There have been sporadic sightings of ext3 causing little blips of 100,000
context switches per second when under load.

At the start of do_get_write_access() we have this logic:

	repeat:
		lock_buffer(jh->bh);
		...
		unlock_buffer(jh->bh);
		...
		if (jh->j_list == BJ_Shadow) {
			sleep_on_buffer(jh->bh);
			goto repeat;
		}

The problem is that the unlock_buffer() will wake up anyone who is sleeping
in the sleep_on_buffer().

So if task A is asleep in sleep_on_buffer() and task B now runs
do_get_write_access(), task B will wake task A by accident.  Task B will then
sleep on the buffer and task A will loop, will run unlock_buffer() and then
wake task B.

This state will continue until I/O completes against the buffer and kjournal
changes jh->j_list.

Unless task A and task B happen to both have realtime scheduling policy - if
they do then kjournald will never run.  The state is never cleared and your
box locks up.


The fix is to not do the `goto repeat;' until the buffer has been taken of
the shadow list.  So we don't go and wake up the other waiter(s) until they
can actually proceed to use the buffer.

This bug was introduced introduced into 2.4.20-pre5.
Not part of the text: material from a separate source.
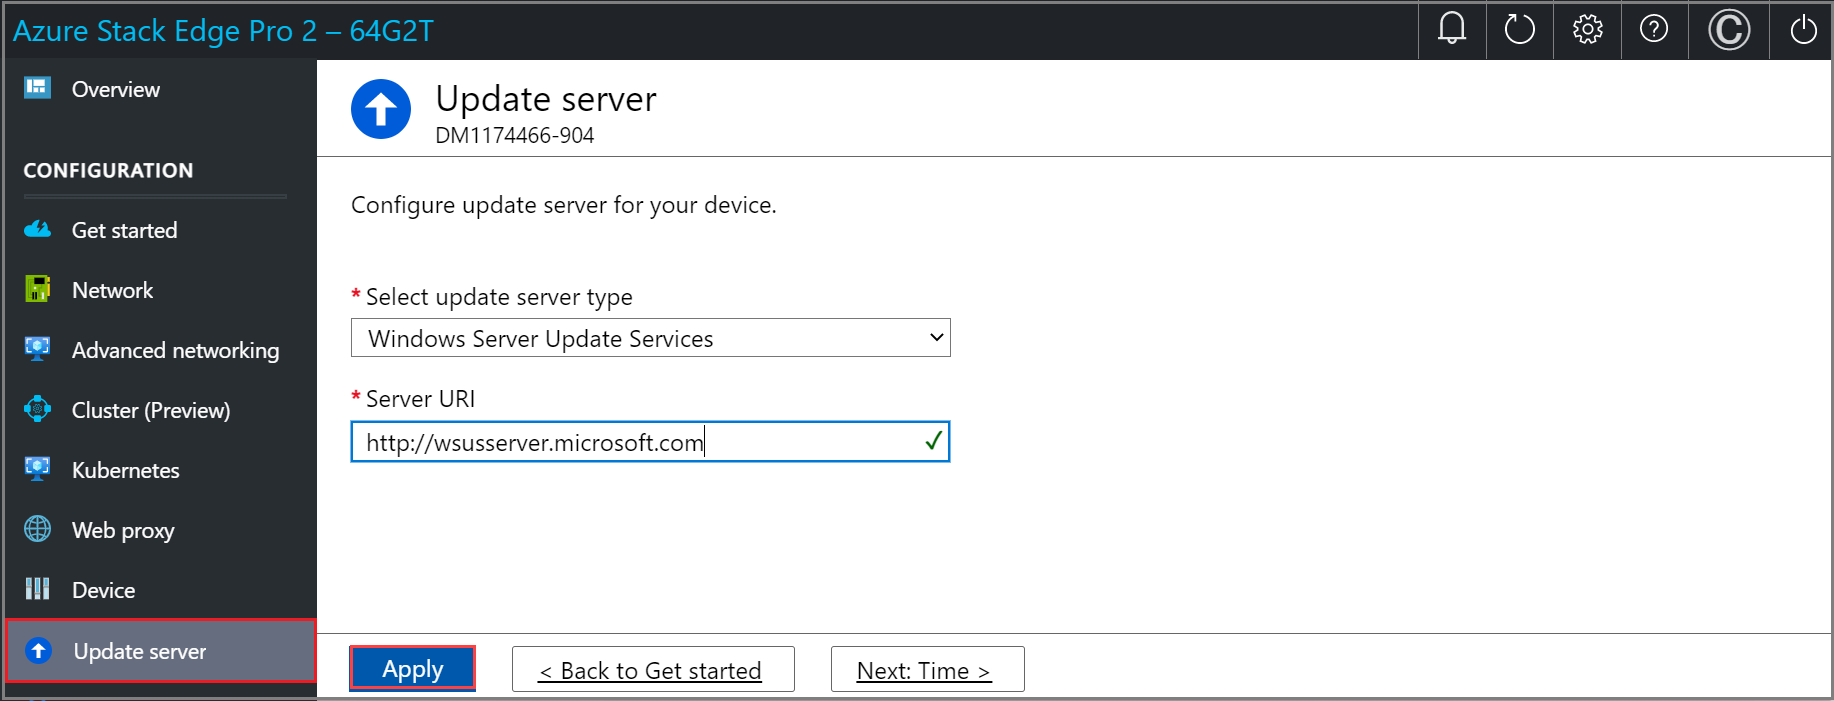 Capture d’écran de la page Mettre à jour le serveur avec Windows Server Update Services configuré dans l’interface utilisateur web locale d’un appareil Azure Stack Edge. Le bouton Appliquer est mis en évidence.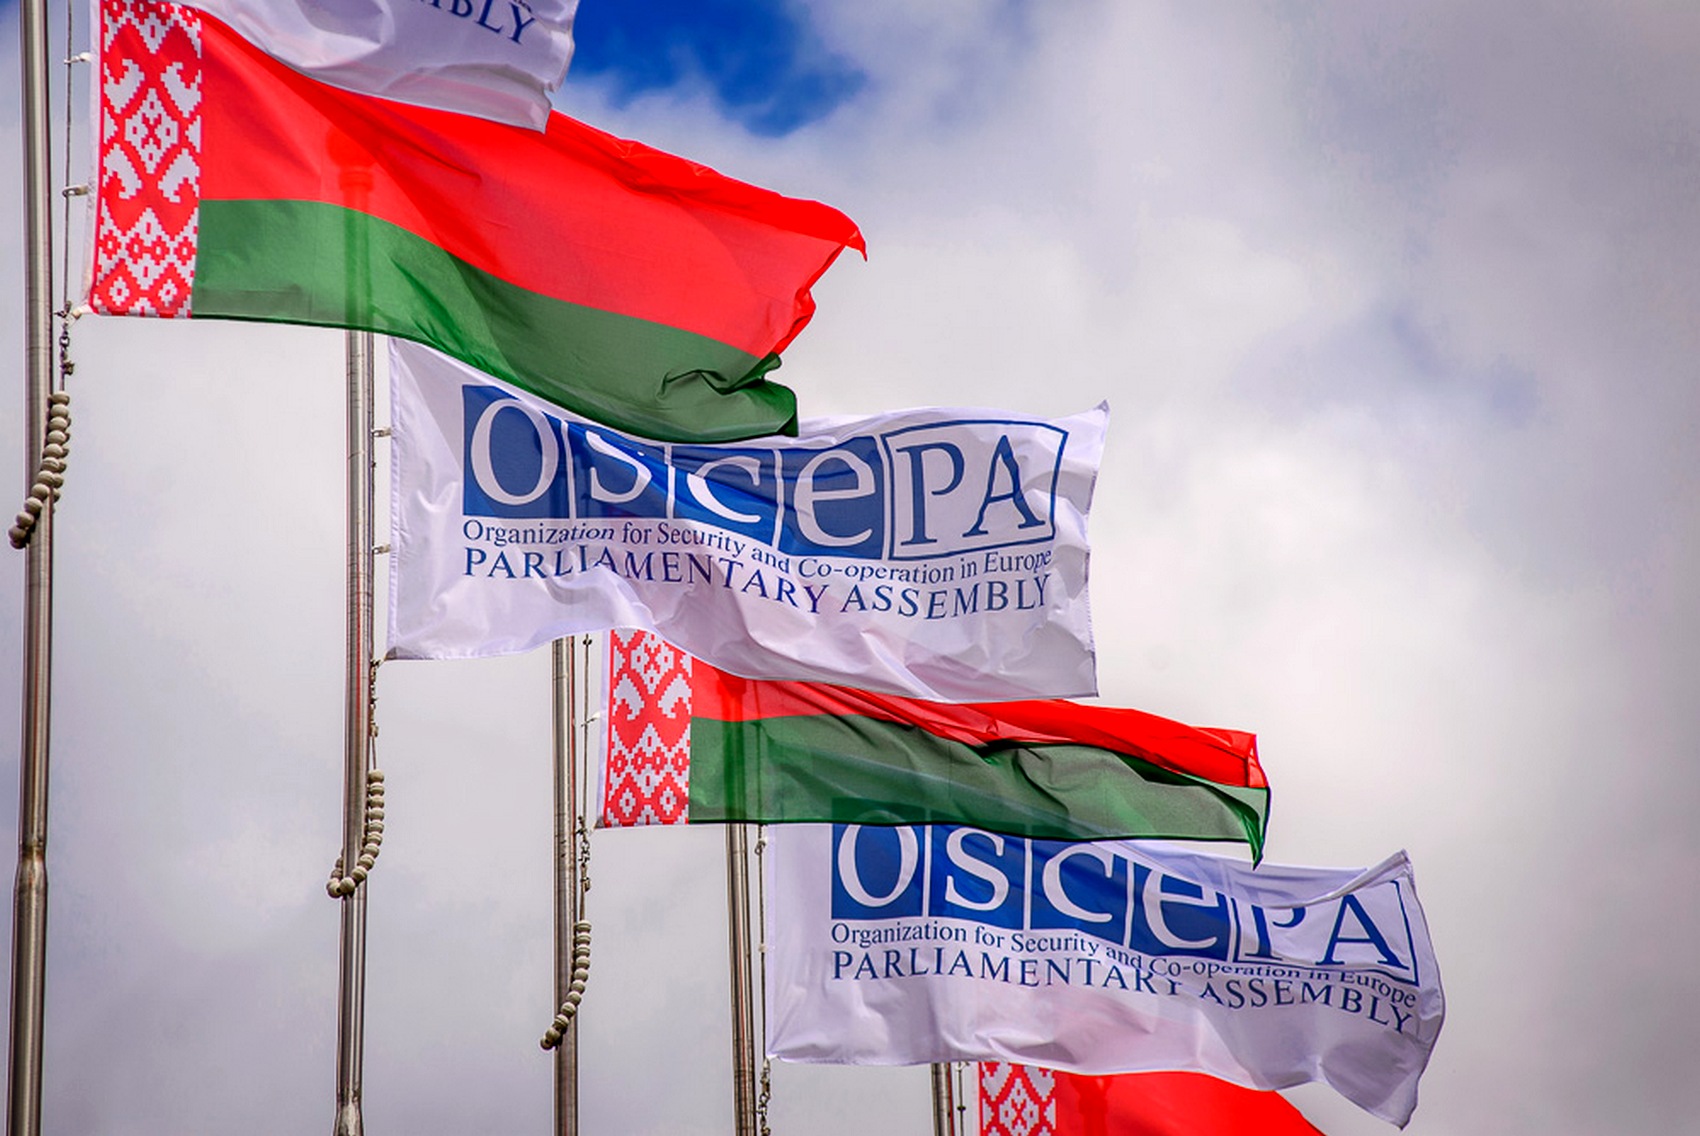 Представители Беларуси не попали на ПА ОБСЕ: им не дали визы в Австрию по требованию Польши

 jbd/transaction.c |    3 ++-
 1 files changed, 2 insertions(+), 1 deletion(-)

--- linux-2.4.21-pre3-rmap-ext3merge/fs/jbd/transaction.c.=K0003=.orig	2003-01-23 16:29:21.000000000 +0000
+++ linux-2.4.21-pre3-rmap-ext3merge/fs/jbd/transaction.c	2003-01-23 16:29:39.000000000 +0000
@@ -669,7 +669,8 @@
 			spin_unlock(&journal_datalist_lock);
 			unlock_journal(journal);
 			/* commit wakes up all shadow buffers after IO */
-			sleep_on(&jh2bh(jh)->b_wait);
+			wait_event(jh2bh(jh)->b_wait,
+						jh->b_jlist != BJ_Shadow);
 			lock_journal(journal);
 			goto repeat;
 		}